Monday morning, in a tear-wiping farewell talk with his Veritas staff, O'Keefe showed up at the New York headquarters to collect his belongings. Before he left, however, he laid out a sinister case for his planned ouster from the organization he founded and led.
“The only thing that has changed is that we broke the biggest story in our organization's history: Pfizer,” O’Keefe alleged in a speech that was recorded and posted to Vimeo.
O’Keefe was referring to a Veritas sting, which hit the Internet in late January and went viral, in which a Pfizer executive brags to a dinner date about Big Pharma’s experiments on mutating virus strains.
O’Keefe told staffers the Pfizer video became the most-watched Veritas sting in its history, and now O'Keefe's defenders are alleging the publicity proved too much for Veritas to weather considering the power and influence Pfizer enjoys in Washington, D.C. So the knives came out, they say, for the main face of the organization hated and feared by the Left.
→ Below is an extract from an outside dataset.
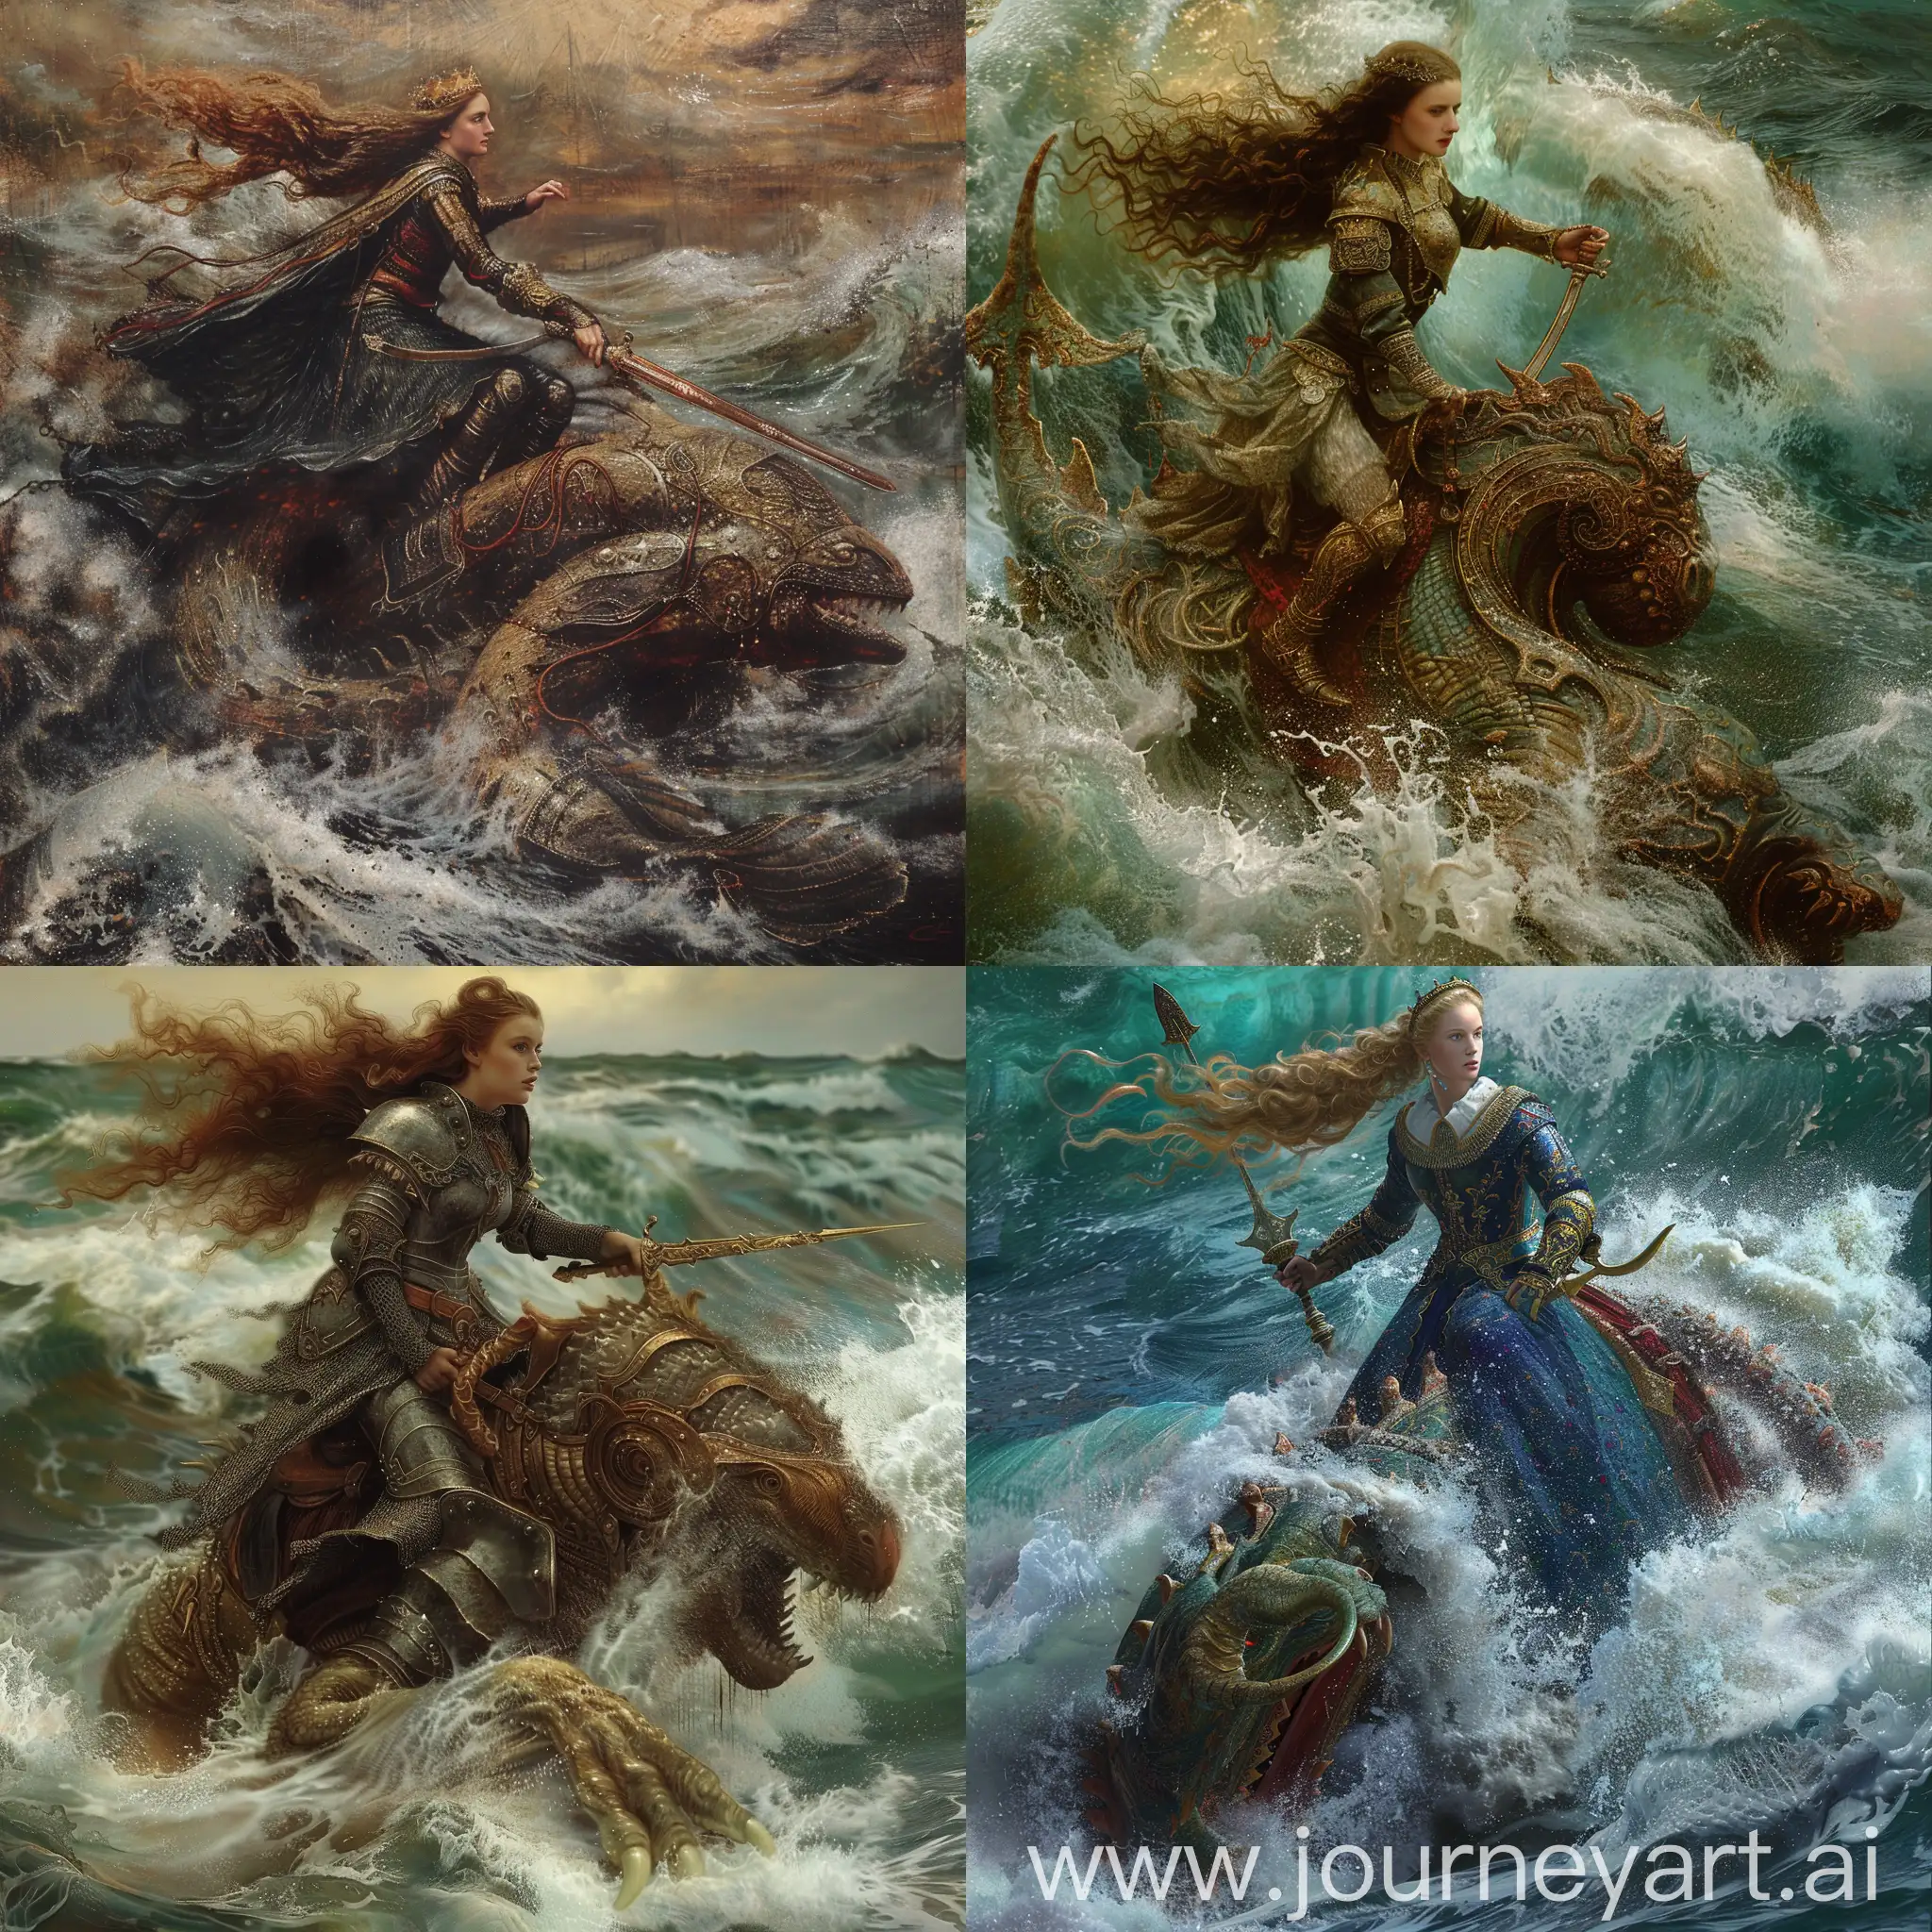 Medieval-Warrior-Maiden-Riding-Sea-Monster-in-Surreal-Fantasy-Scene

According to the Project Veritas board, however, its problem with O’Keefe is much less conspiratorial and much more common: The founder’s ego grew too large to contain. O’Keefe was harming employees with his bullying behavior, and burning through donors’ money with extravagant spending, until there was no choice but to confront him over both, the board alleges.
Watching this fight from her AFR weekday radio show, Jenna Ellis told her audience Tuesday the Veritas board has lost the “PR game” because it went silent for more than weeks after the public learned O’Keefe had been suspended from his job. So the allegations of wasteful spending, she said, are just now being aired against the founder who showed up Monday with his own alarming allegations.
“So these are two wildly, dramatically different stories and reasons from James O’Keefe, and from Project Veritas, and both have the possibility of being true,” she concluded. “But both cannot simultaneously be true.”
Ellis, who said she is friends with O’Keefe and with a member of the Veritas board, likened the situation to a fair-minded jury weighing all the evidence. In this situation, said the radio host, who is also an attorney, the board should produce evidence of O’Keefe’s spending.
“Sometimes the best response is to say I don’t know yet, let’s wait and see,” she told listeners.